Experimental investigations of superconductivity in quasi-two-dimensional epitaxial copper oxide superlattices and trilayers

Abstract

Epitaxial trilayer and superlattice structures grown by pulsed laser ablation have been used to study the superconducting-to-normal transition of ultrathin (one and two c-axis unit cells) YBa2Cu3O7−x layers. The normalized flux-flow resistances for several epitaxial structures containing two-cell-thick YBa2CU3O,7−x films collapse onto the “universal” curve of the Ginzburg-Landau Coulomb gas (GLCG) model. Analysis of normalized resistance data for a series of superlattices containing one-cell-thick YBa2Cu3O7−x layers also is consistent with the behavior expected for quasi-two-dimensional layers in a highly anisotropic, layered three-dimensional superconductor. Current-voltage measurements for one of the trilayer structures also are consistent with the normalized resistance data, and with the GLCG model.
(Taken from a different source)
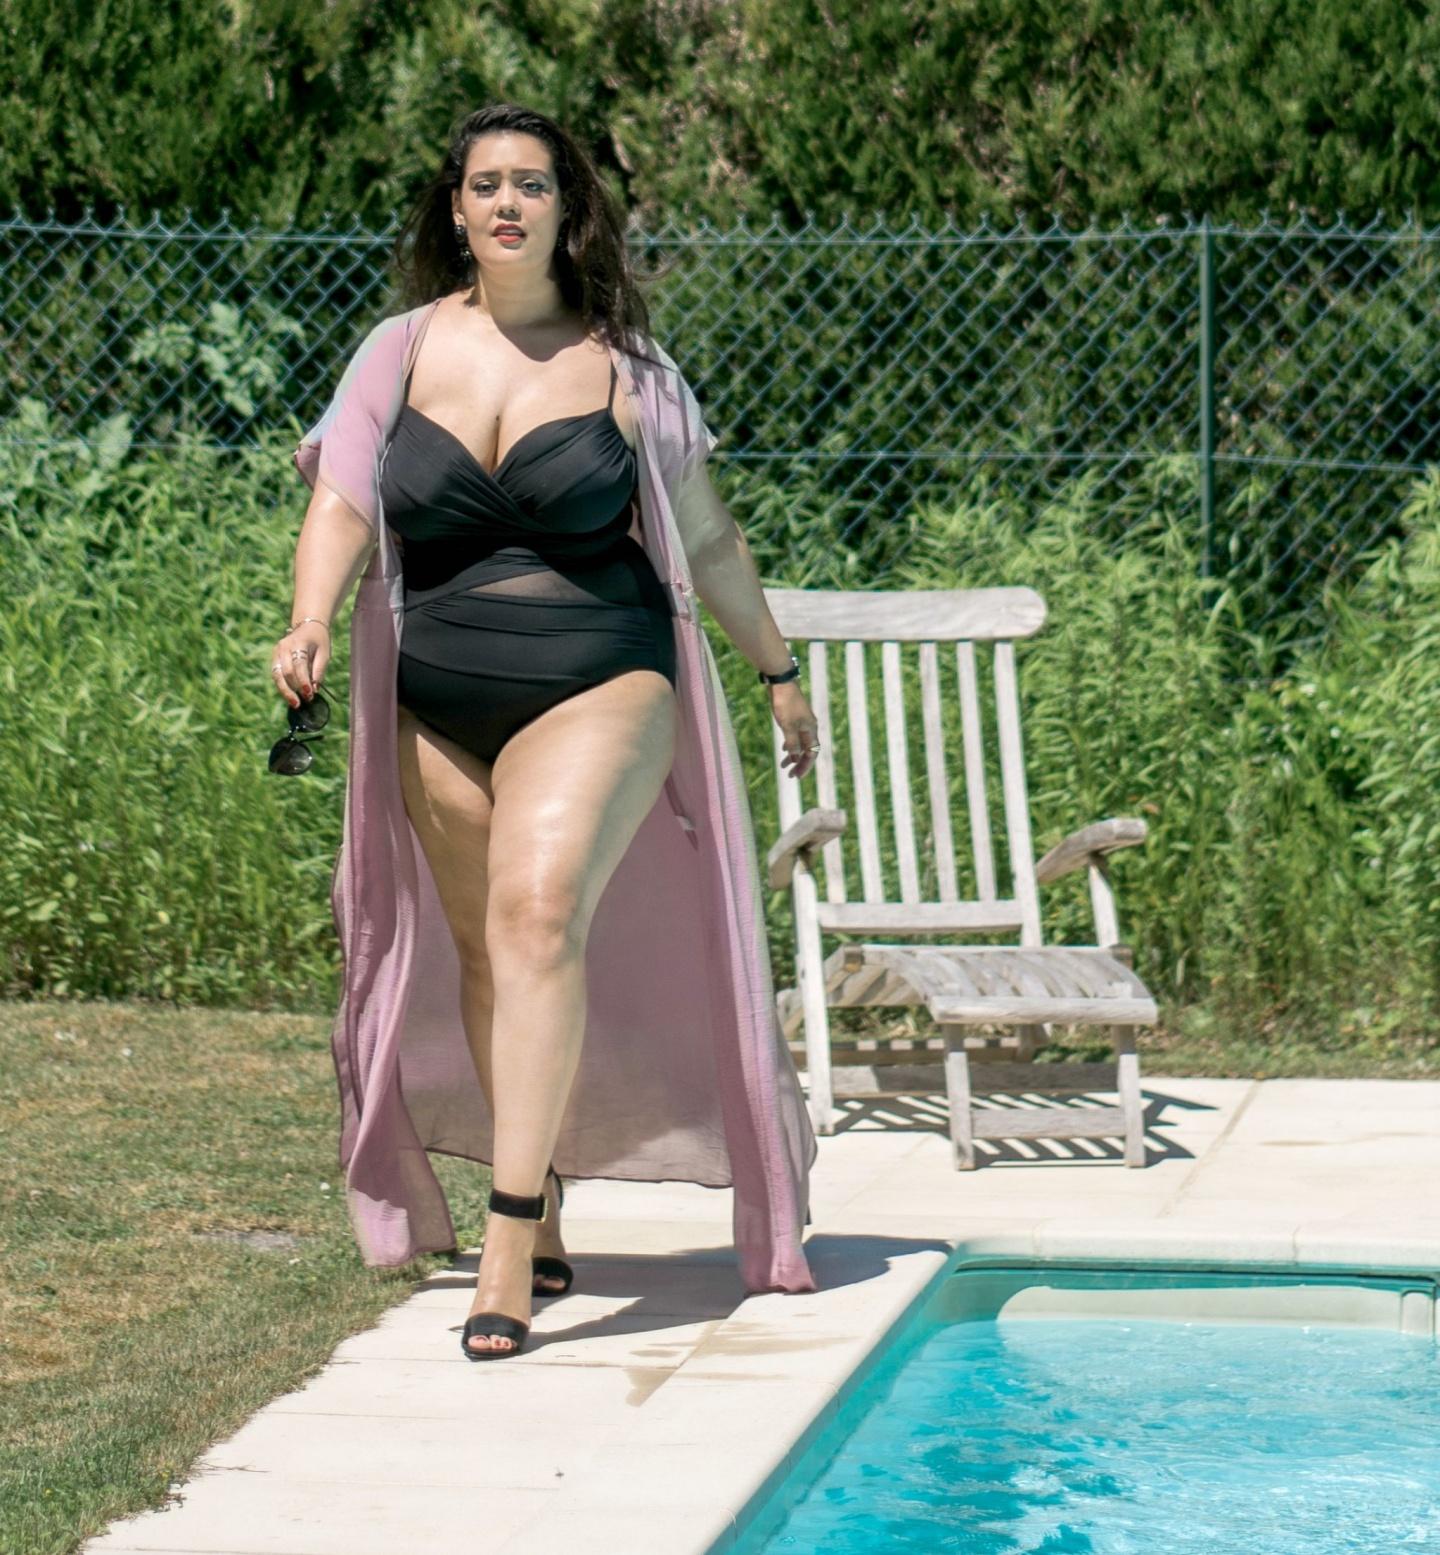 Maillot de bain grande taille - Je suis une rebelle blogueuse mode grande taille et lifestyle

Scanning tunneling microscopy, transmission electron microscopy, and electrical transport studies show that growth-related steps in ultrathin YBa2Cu3O7−x layers affect electrical continuity over macroscopic distances, acting as weak links. However, the perturbation of the superconducting order parameter can be minimized by utilizing hole-doped buffer and cap layers, on both sides of the YBa2Cu3O7−x layer, in trilayers and superlattices. These results demonstrate the usefulness of epitaxial trilayer and superlattice structures as tools for systematic, fundamental studies of high-temperature superconductivity.